- _REQUIRED ACTION_:
Scan the entries and copy each line where the word "intro" is present.

- _PROVIDED MATERIAL_:
*** Begin section ***

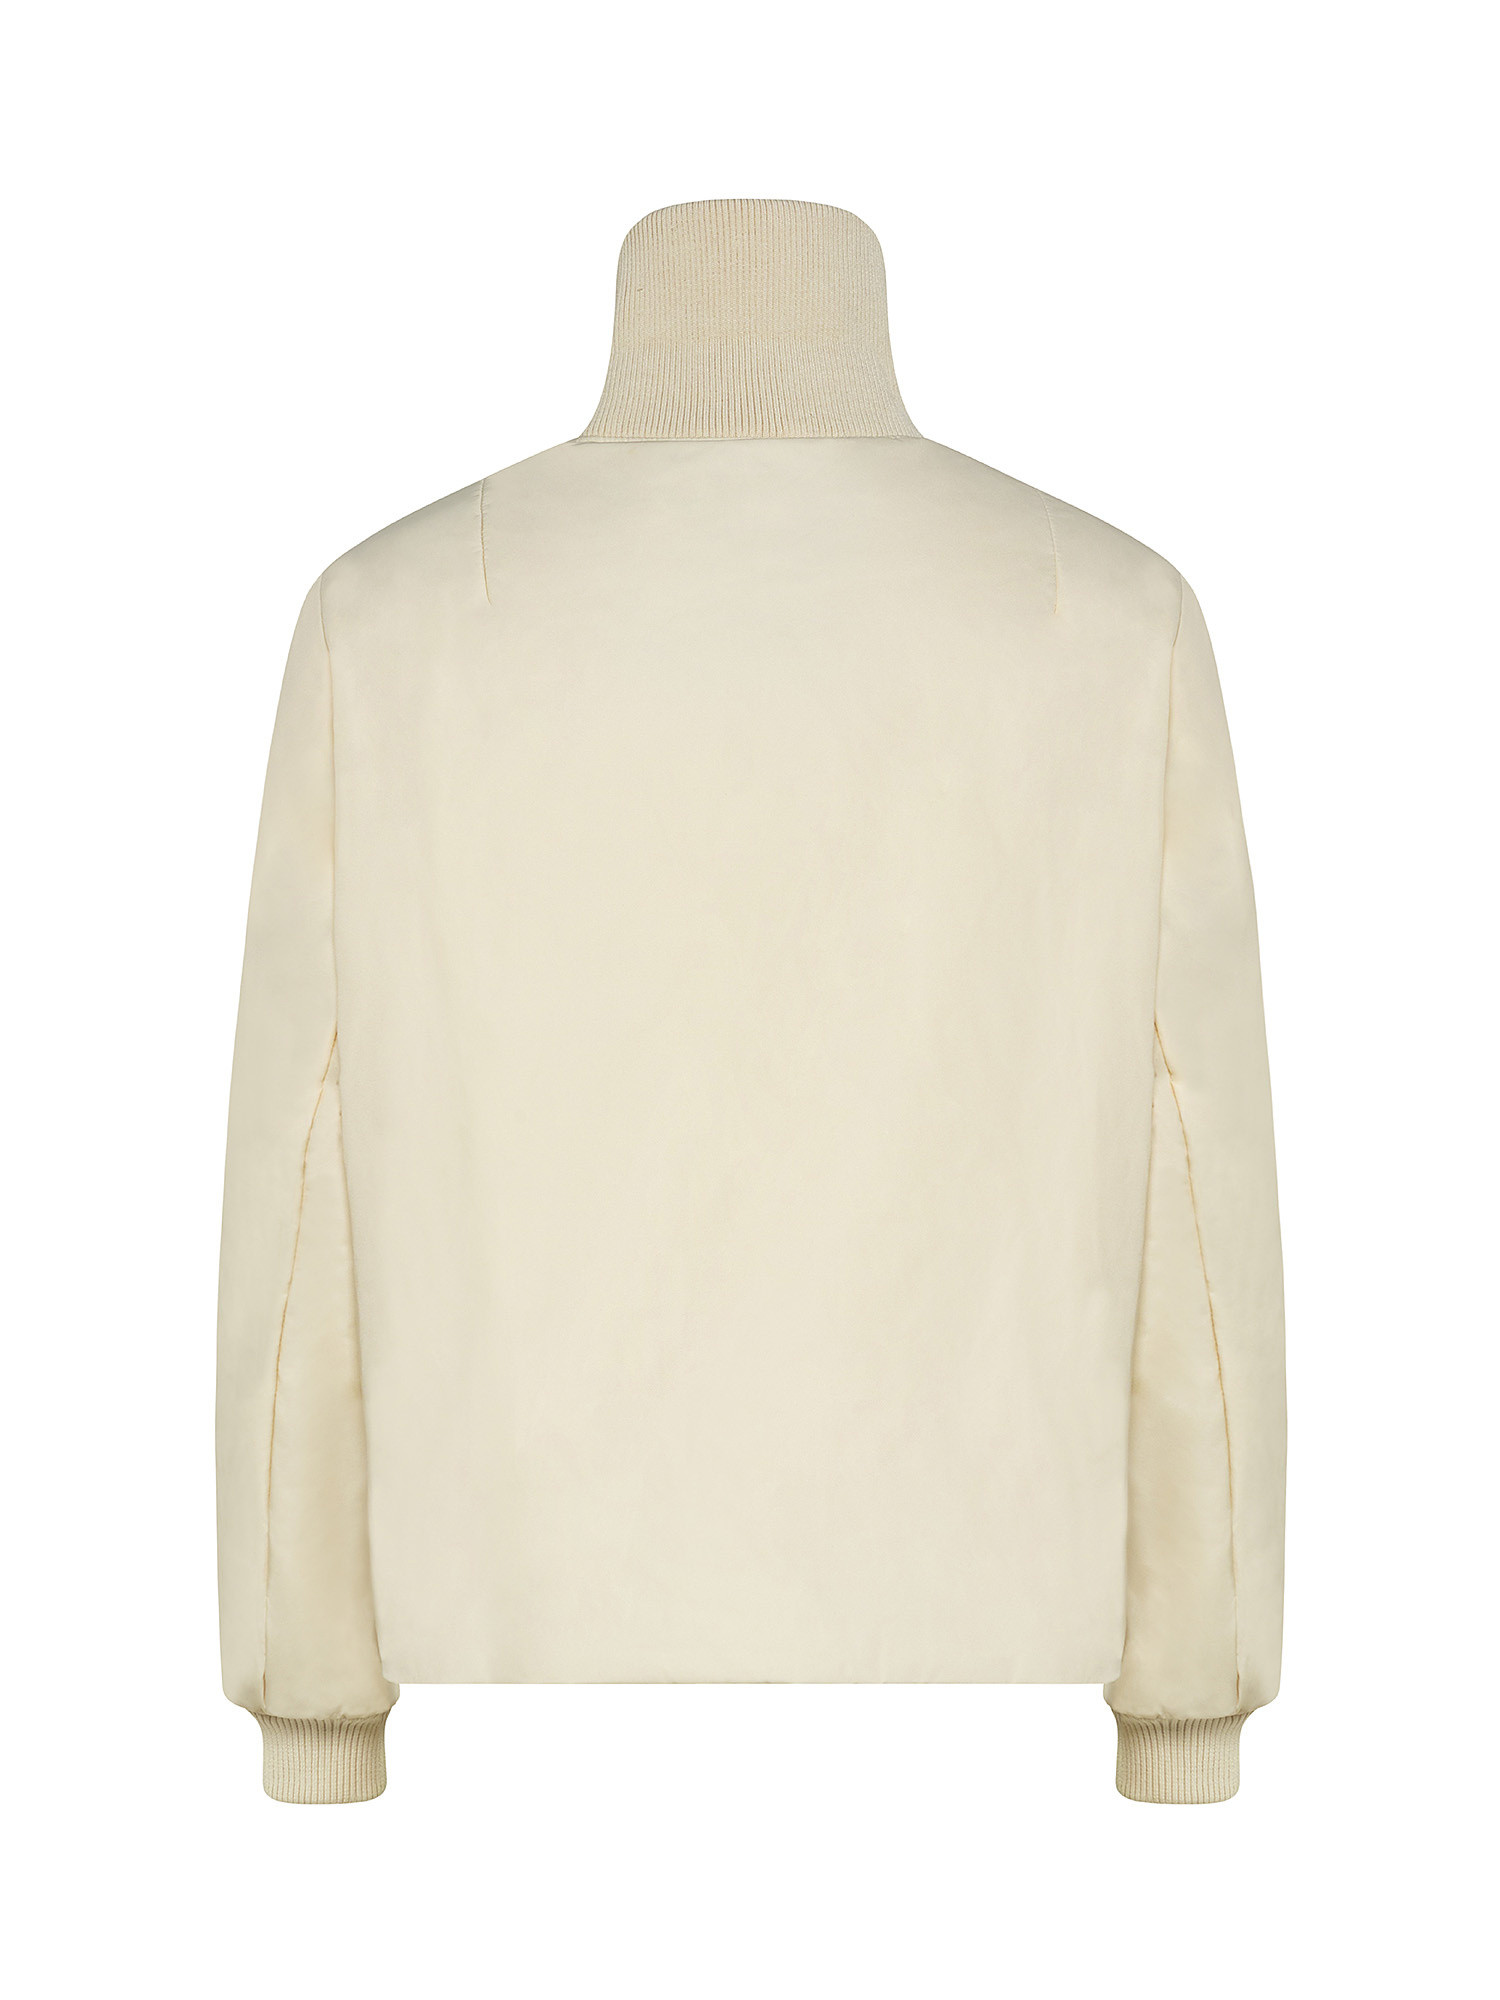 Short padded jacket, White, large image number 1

*** End section ***
*** Begin section ***

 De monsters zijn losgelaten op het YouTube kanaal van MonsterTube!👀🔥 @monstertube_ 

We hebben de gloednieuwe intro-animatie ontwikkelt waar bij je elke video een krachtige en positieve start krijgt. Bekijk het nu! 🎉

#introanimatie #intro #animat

*** End section ***
*** Begin section ***

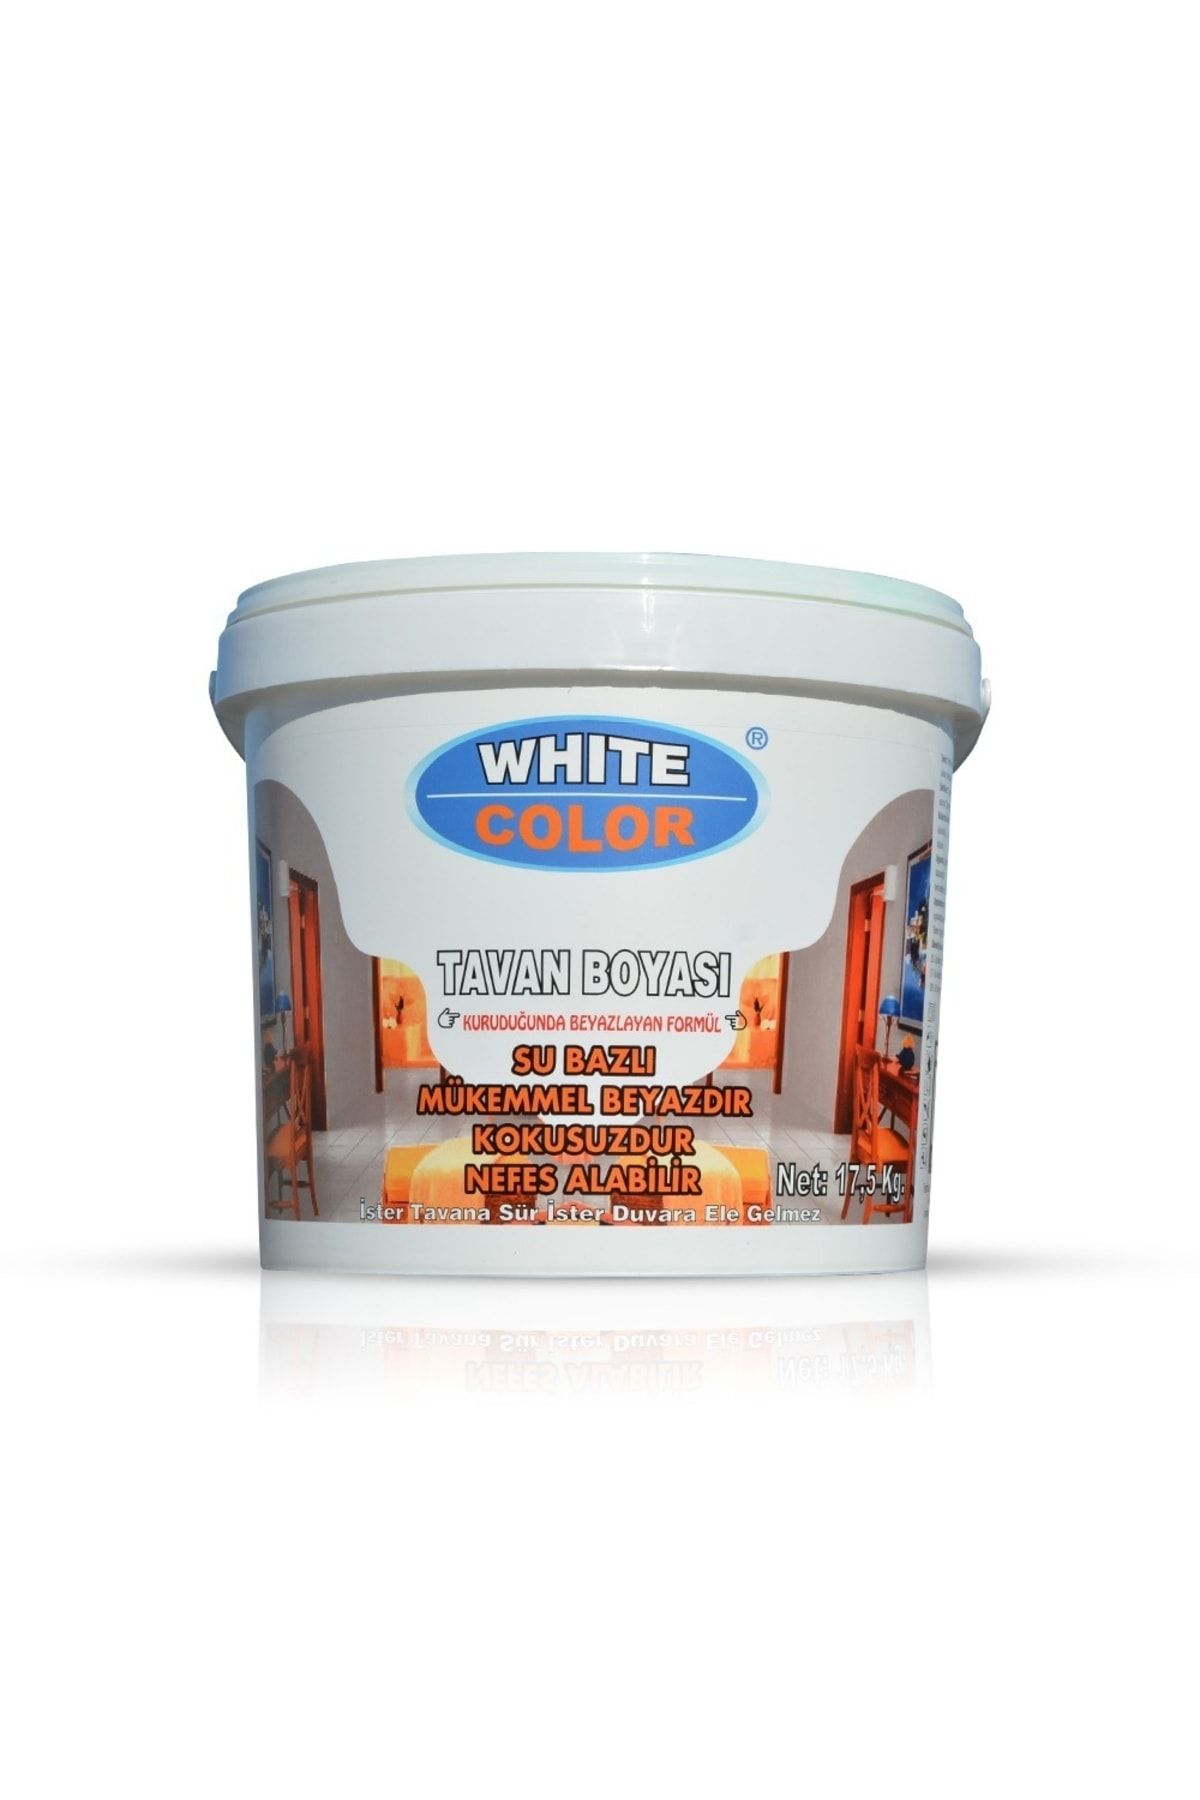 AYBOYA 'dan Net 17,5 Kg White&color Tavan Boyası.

*** End section ***

- _RESULT OF THE EXERCISE_:
We hebben de gloednieuwe intro-animatie ontwikkelt waar bij je elke video een krachtige en positieve start krijgt. Bekijk het nu! 🎉
#introanimatie #intro #animat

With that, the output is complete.